C’est essentiellement le même message que J.Kyll nous a relayé : « Avant l’arrivée des médias sociaux et des studios maisons, c’était vraiment basé sur les skills. Tu étais dope ou tu l’étais pas, on contribuait tous au mouvement hip-hop, peu importe les genres. » Pour la leader de Muzion, que ce soit dans les centres jeunesse du quartier montréalais Saint-Michel, dans un cypher à NDG ou dans les salles modestes comme le Petit Café Campus, tout le monde se battait pour son spot.

Puisque le milieu anglophone avait une longueur d’avance. La scène créole et franco ont dû mettre les bouchées doubles. Même si les femmes ont toujours fait face à plus d’obstacles, elles arrivaient à cimenter leur places grâce à leurs skills indéniables. « Malgré l’identité féminine qui évolue différemment pour chaque artiste, on a toutes pris notre place sur nos propres termes », explique la rappeuse.

Si la commercialisation du rap américain dans les années 90 a fait passé le focus aux MCs à part égal comme Roxanne Shanté et Queen Latifah à l’image d'autres comme Lil Kim et Foxy Brown, cette vague ne se faisait pas sentir au Québec. « Même des groupes poussés par les labels comme La Gamic, ce n’était pas vraiment en mode voici des filles rappeuses », rappelle J-Kyll. « Toutefois, il y avait un grand manque à gagner côté enregistrement et productions ce qui à ce jour reste un boys club dans la belle Province. Quand Muzion a commencé à avoir besoin de beats, j’ai dû tout faire et apprendre moi-même. C’est dommage parce qu'un bon beat qui bang c’est vraiment impossible de l’associer à une femme ou un homme, c’est la partie la plus neutre du hip-hop. », évoque-t-elle.

À travers les ateliers qu’elle donne dans les écoles, Jenny Salgado remarque l’influence insidieuse des médias sociaux sur les jeunes rappeuses de la relève. « Dans cette époque Instagram, ces jeunes femmes pensent que l’image est essentielle pour se lancer dans le rap. Alors qu'ici au Québec, ce qui reste inébranlable, qui nous est propre et très appréciable, c'est la valeur primordiale du propos, de l'ensemble de l'oeuvre, le “Qui es-tu, derrière l'image?” »
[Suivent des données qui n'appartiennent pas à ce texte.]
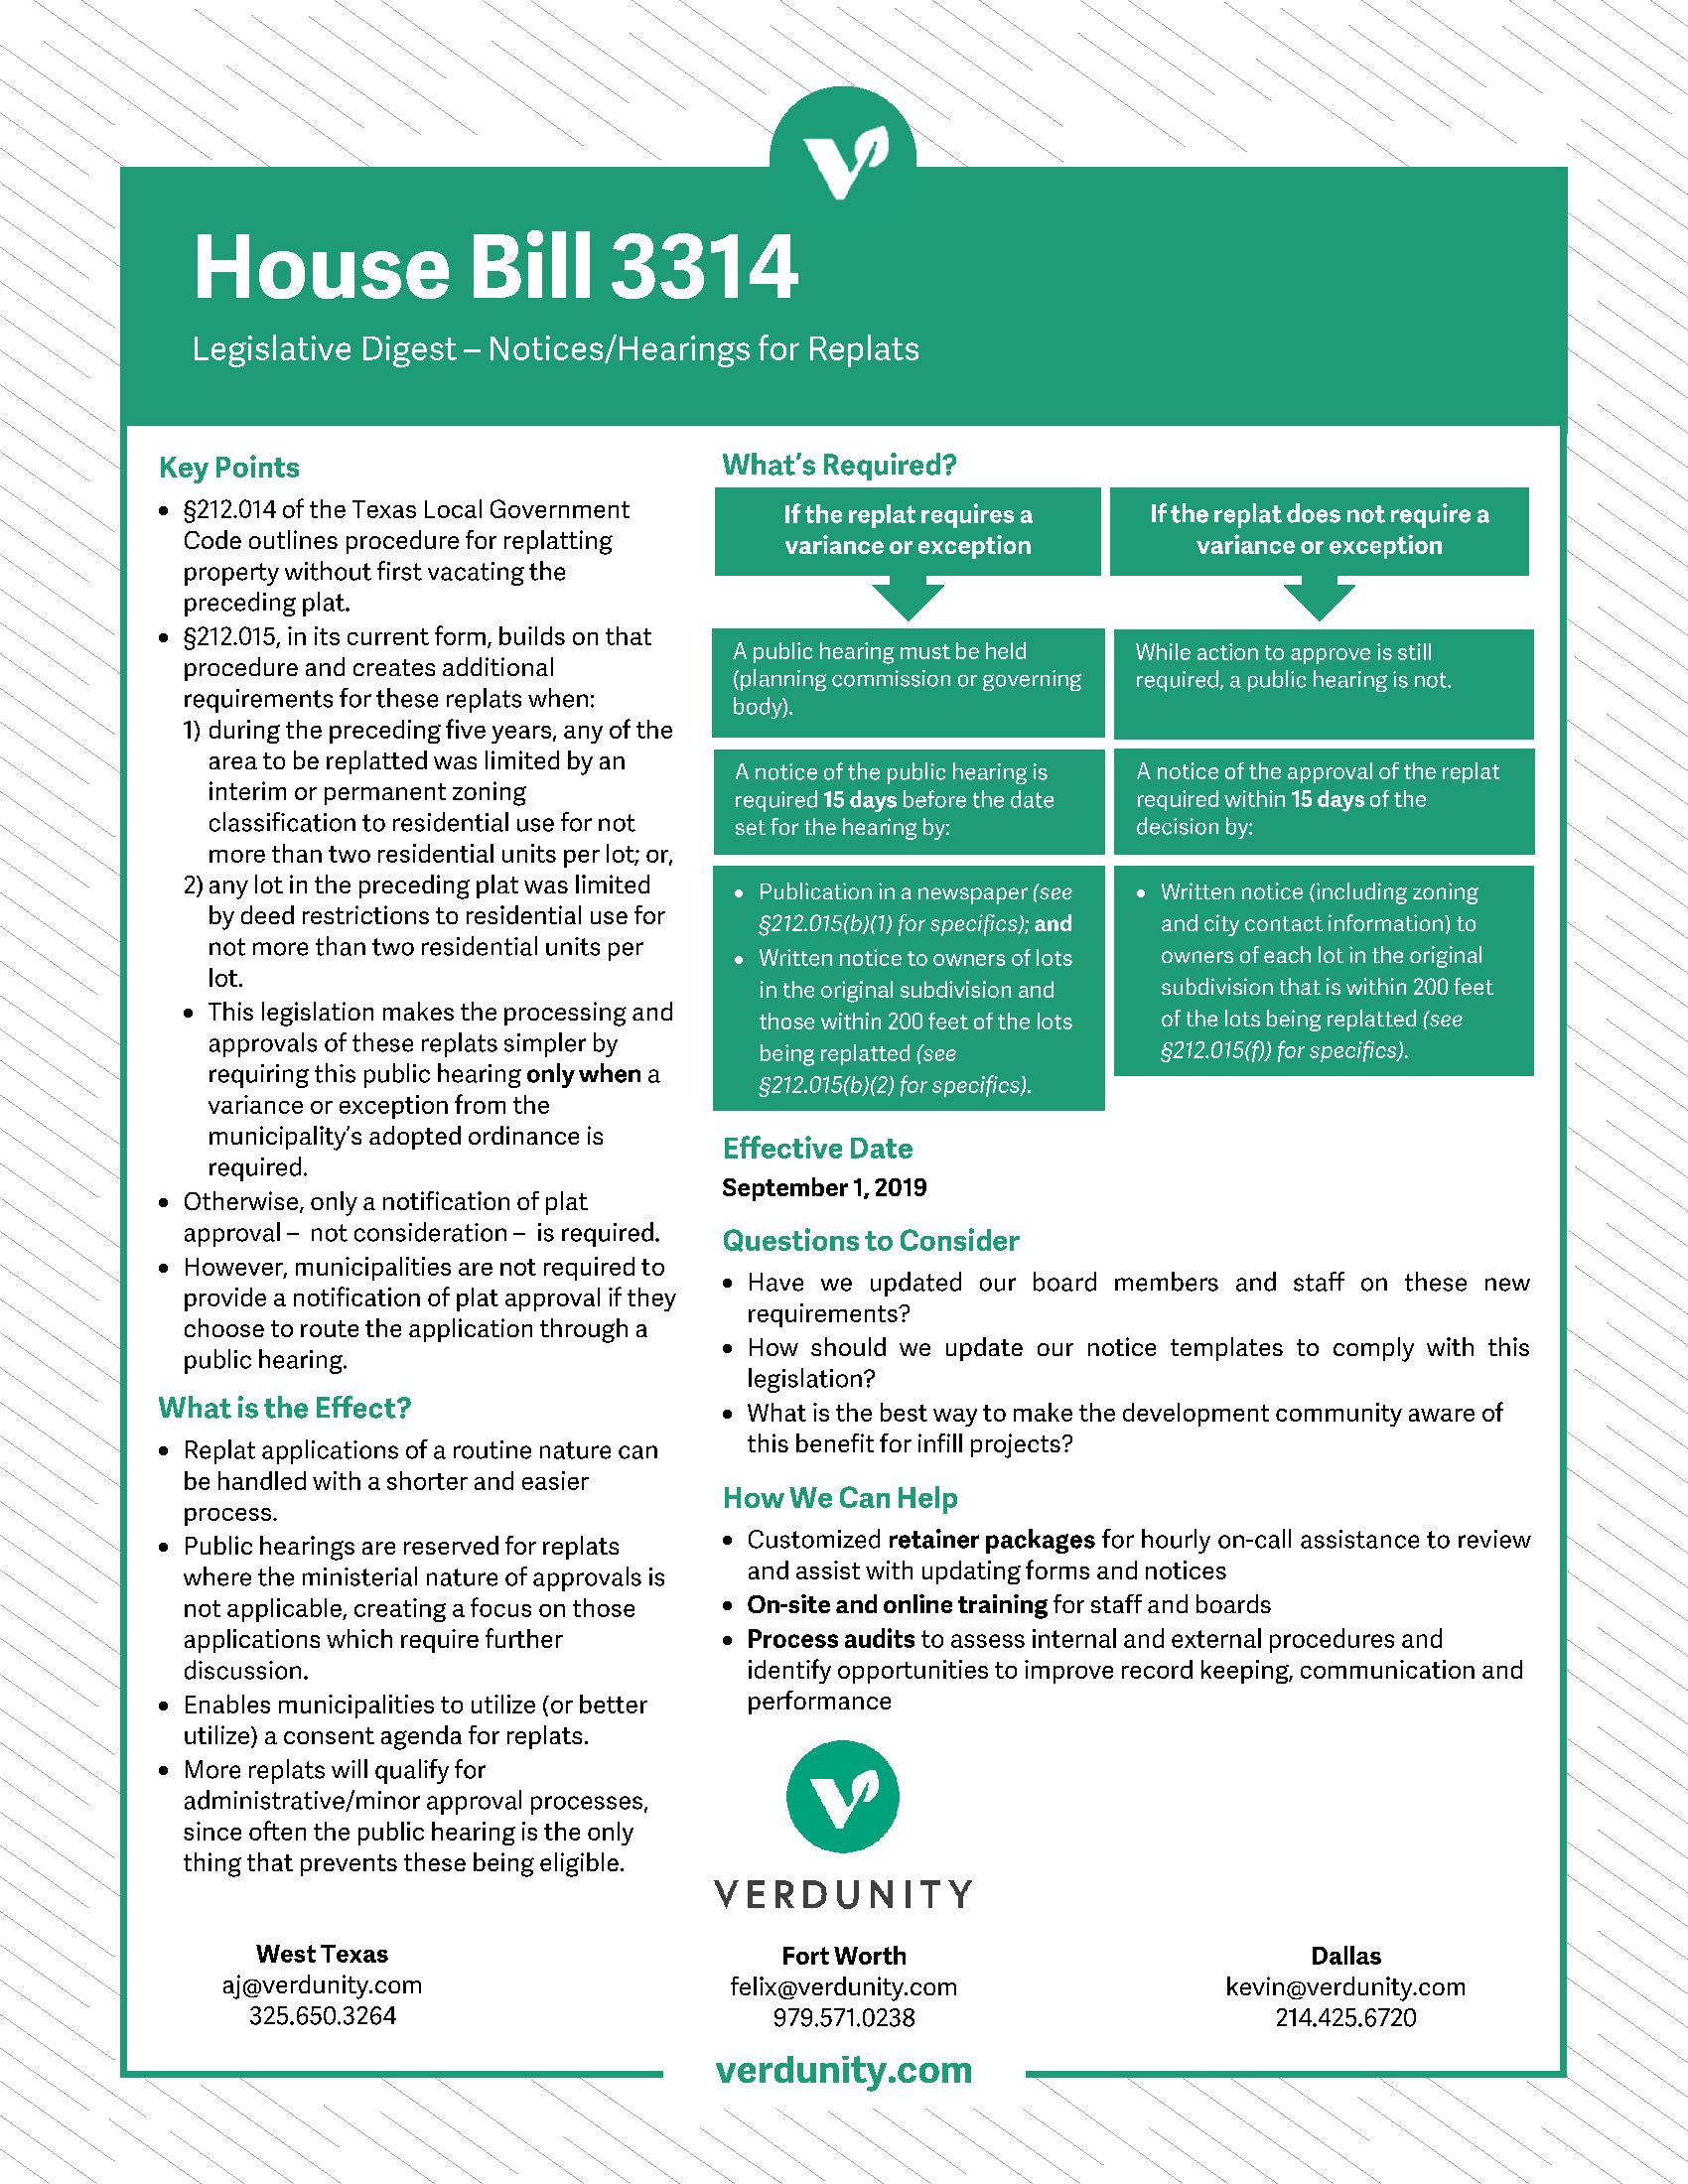 Legislative digest preview_HB3314.jpg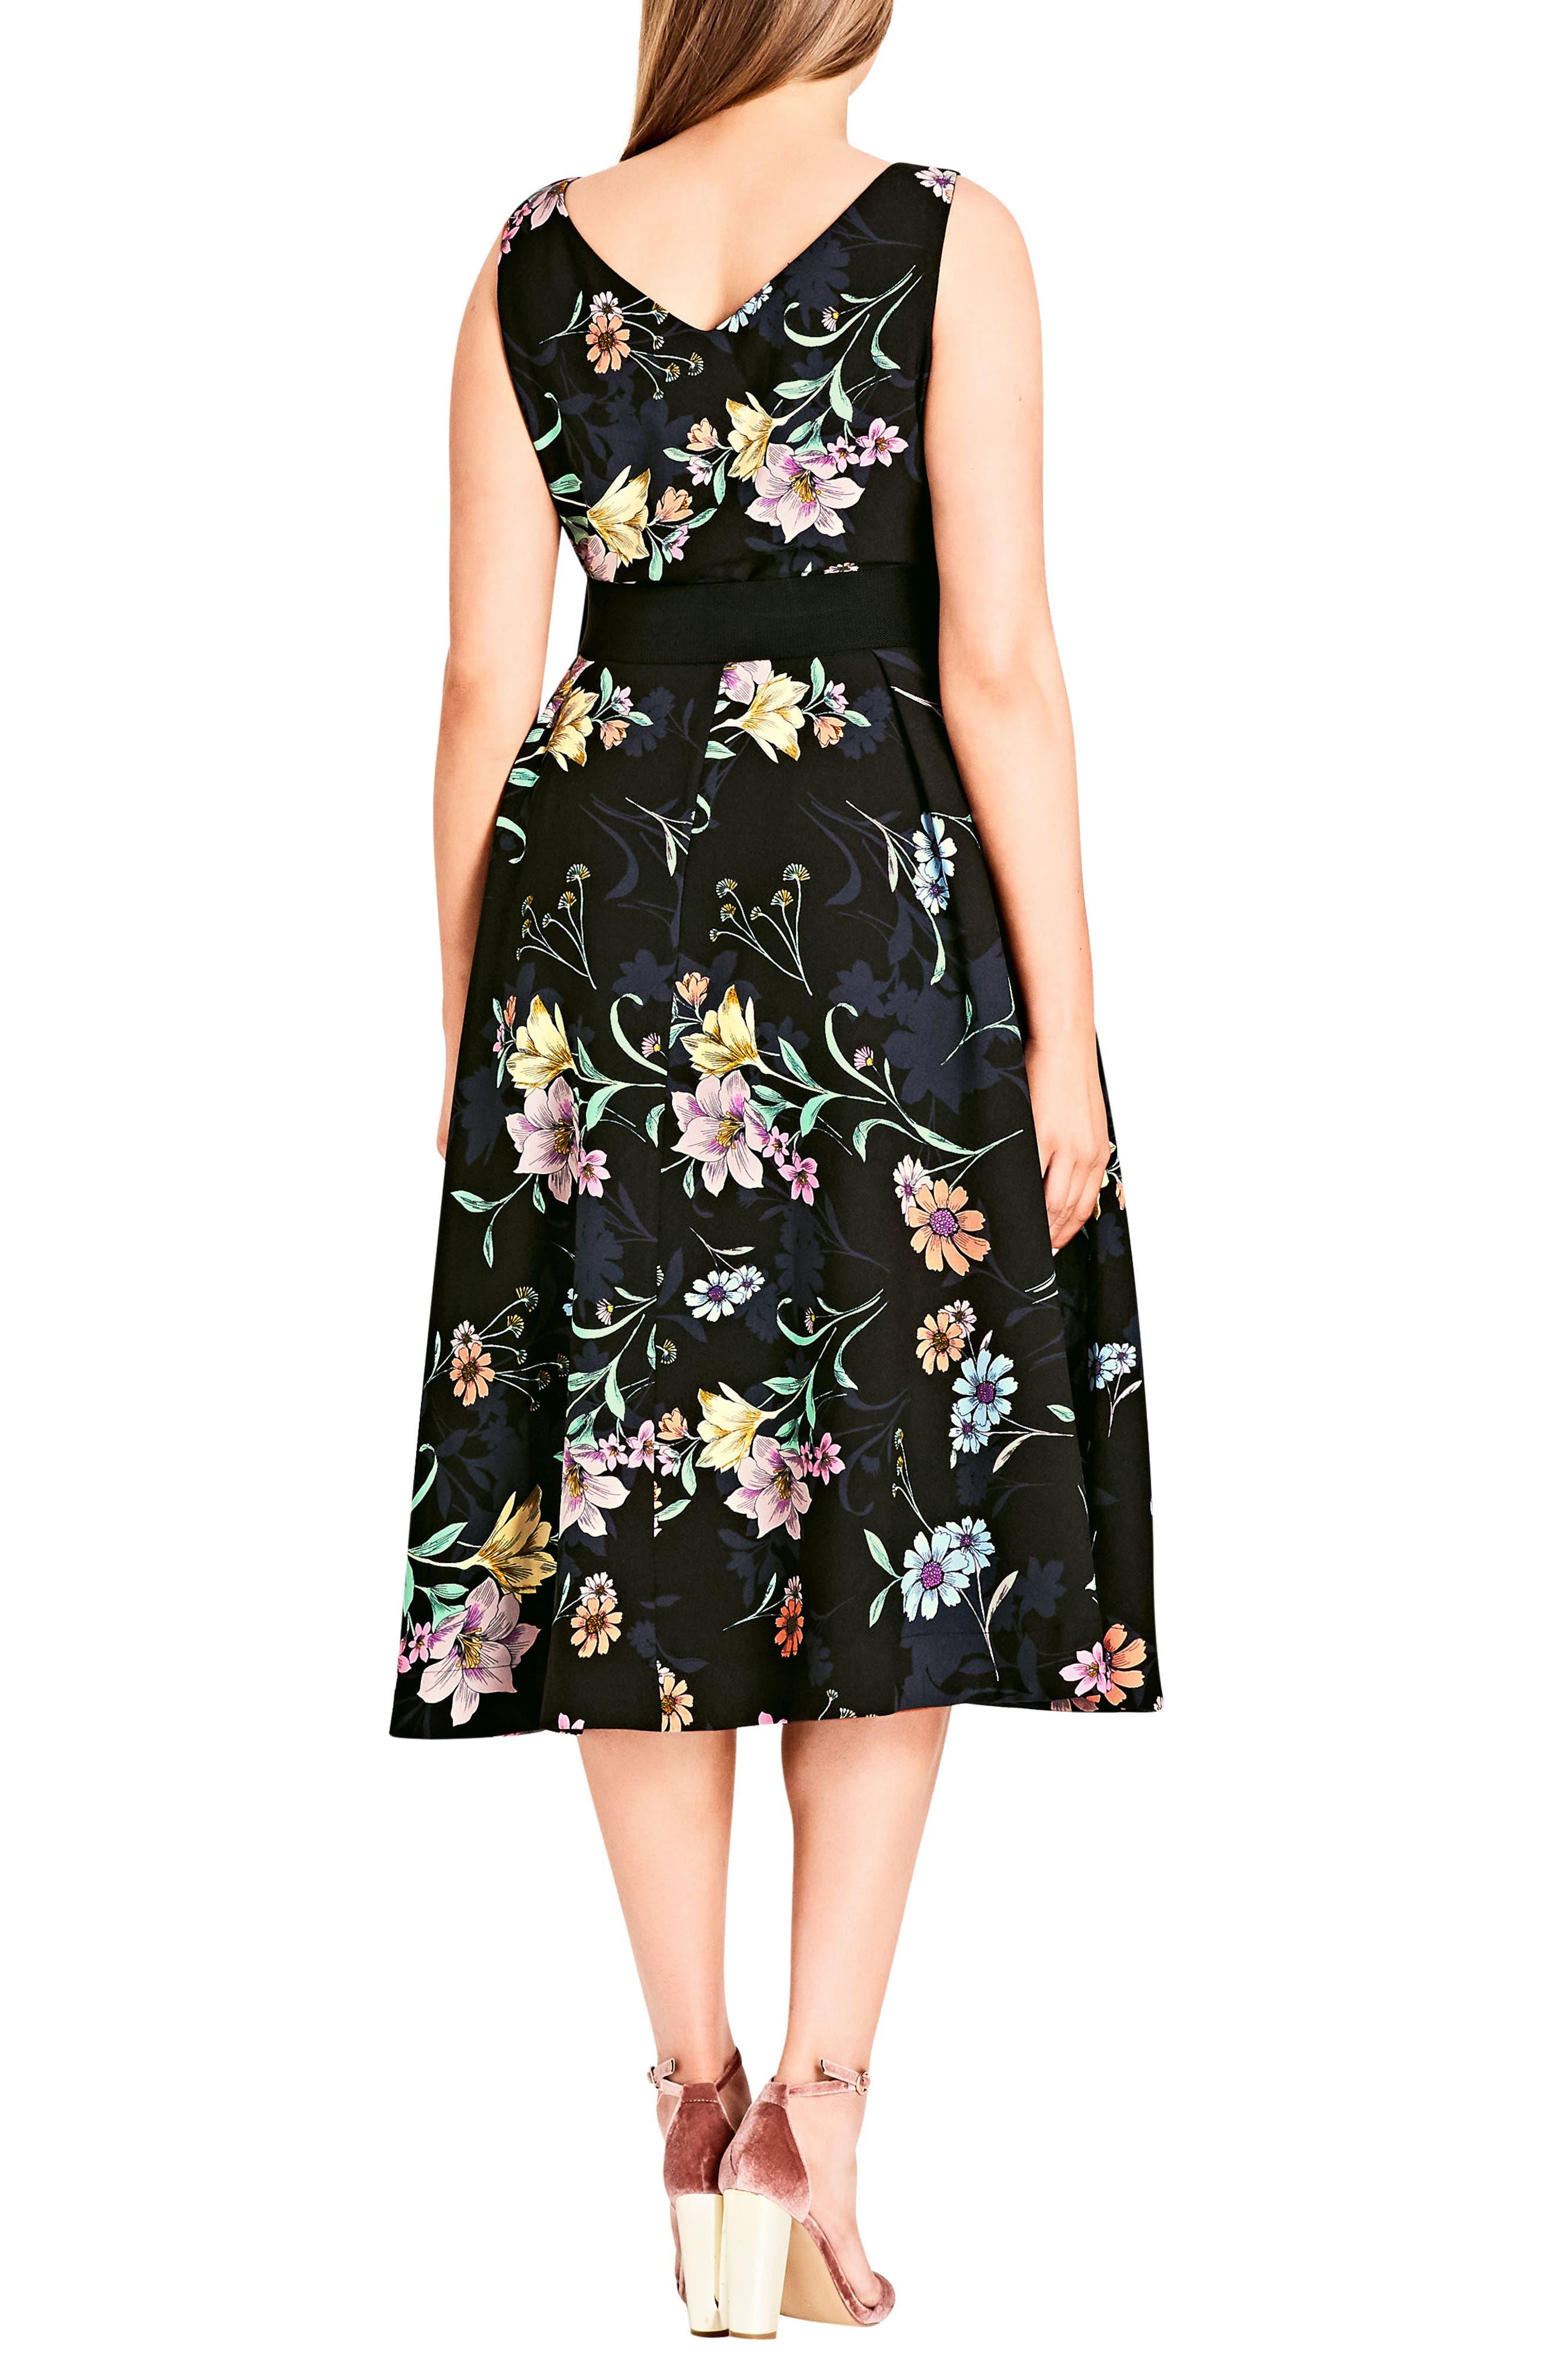 Sketch Love Floral A-Line Midi Dress,                             Alternate thumbnail 2, color,                             Black

Si le game offre d’emblée toujours plus de privilège aux hommes et si l’industrie en général souffre de misogynie systémique, nous espérons avoir pu démontrer qu’à l’époque de Dee ou de Skandal, il n'y avait pas de distinction de « rap féminin ». Simplement de dope MCs et avec les Meryem Saci, Naya Ali et Sarahmée d’aujourd’hui, on ose espérer revenir à ce genre de climat culturel en 2019.